Yani Türkiye’de bir yıl içinde destek alabilecek maksimum girişim sayısı ve yatırım miktarı aşağı yukarı belli.

Diğer bir deyişle, girişimlere aktarılmak üzere her yıl belli miktarda para ayrılıyor ve girişimciler bunu almak için rekabet ediyor.

Yatırım ve yatırımcı sınırını kaldırsak!

Girişimcilerin alabileceği yatırım miktarında sınır olmasa ve yatırımcı sayısını birkaç binlerden 60 milyona, hatta yarım milyara çıkarsak…

Hazine ve Maliye Bakanlığı verilerine göre bireysel katılım sermayesi sistemine dahil olan lisanslı melek yatırımcı sayısı 476. Türkiye’deki melek yatırımcı ağları sayısı ise yaklaşık 20.

Lisanslı yatırımcı olmak, yani yaptığınız yatırım üzerinden vergi muafiyeti alabilmeniz için, öyle şartlar var ki sisteme dahil olabilmek çok zor.

Eğer bu grupta yer almıyorsanız Türkiye’de yapabileceğiniz yatırımlar sınırlı.

Paranızı vadeli mevduat hesabında değerlendirebilirsiniz, ki ekonomiye katkısı tartışmalı. Borsa, tahvil, bono gibi araçları kullanabilirsiniz ki yaklaşık 4 milyon kişi parasını bu şekilde değerlendiriyor.

Bu demek oluyor ki, düşük ve orta gelir seviyesindeki kişiler girişimcilik ekosistemine yatırımcı olarak dahil olamıyor; ülkenin ekonomisine doğrudan katkı sağlayamadığı gibi, büyümeden de doğrudan pay alamıyor.

Yani bu mevcut sistem Türkiye’nin büyümesini, dijital dönüşümünü küçük bir grubun omuzlarına yük yapıyor.

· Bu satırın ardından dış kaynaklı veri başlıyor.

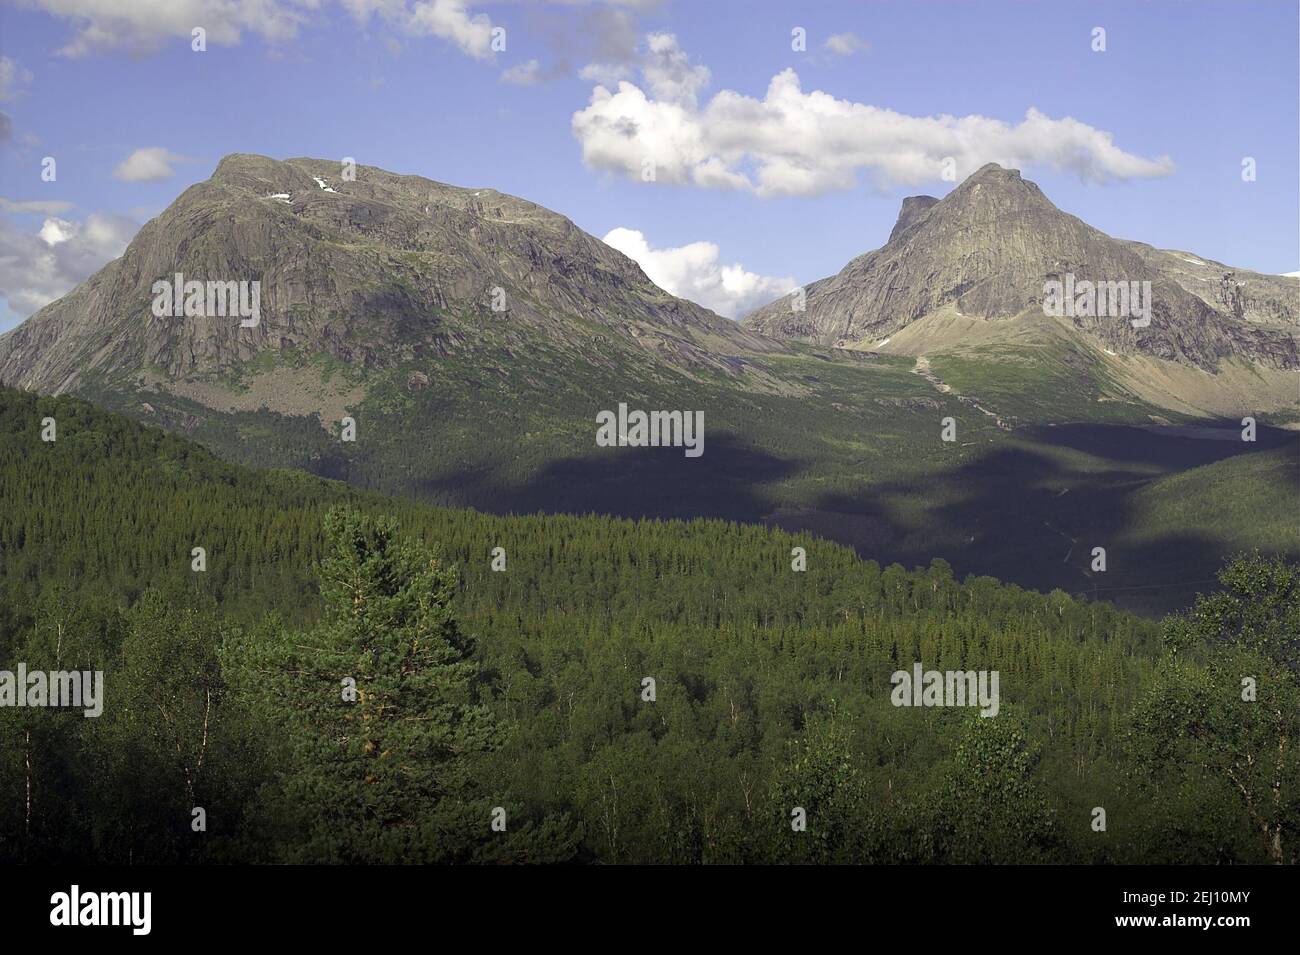 Norvegia, Norvegia; Montagne Rocciose - un tipico paesaggio estivo nella Norvegia settentrionale dietro il Circolo polare Artico. Abete rosso sulle pendici; świerkowy las Foto Stock

O grup ne kadar yatırım yaparsa girişimlerin önü o kadar açık, dolayısıyla Türkiye’nin de…

Ve Türkiye’nin büyümesi yavaşlıyor.

Durum böyle olunca, Türkiye’nin ekonomik büyümesi devlete, devlet kurumlarına ve büyük işletmelerin kaderine bırakılıyor.

Ama artık kamuda istihdam pozisyonları açmak, yeni fabrikalar kurmak, tarıma yönelmek nüfusu hızla artan ekonomilerde sürdürülebilir çözümler sunmuyor.

Türkiye’de de hızla artan bir genç nüfus varken, istihdam olanaklarının aynı ölçüde büyümediği bir gerçek.

Bunun yanında, milyonlarca genç iş fikirlerini hayata geçirmek, kendi işini kurmak, serbest çalışmak yerine devlet ve özel sektörün açtığı sınırlı sayıdaki pozisyonlara yığılıyor.

“Zor dönemler, zor kararlar vermeyi gerektirir.”

Herkesin yatırımcı olabildiği bir Türkiye

Dünya’da girişimcilerin en çok tercih ettiği ülke Amerika Birleşik Devletleri’nden sonra İngiltere: Şirket kurulumundaki kolaylık, yatırım destek programları ve Anglo-Sakson hukuk sisteminin avantajları…

Girişimciler kısa sürede fon bulup, fikirlerini hayata geçirebiliyor. Pek çok genç daha üniversiteden mezun olmadan kendi işini kurmak için çalışmaya başlıyor.

Türkiye olarak yukarıdaki oranlara, Türk Hava Yolları, Arçelik, Turkcell, EnerjiSa gibi firmaların tek başlarına çaba sarf etmesi sonucu ulaşabilmemiz mümkün değil.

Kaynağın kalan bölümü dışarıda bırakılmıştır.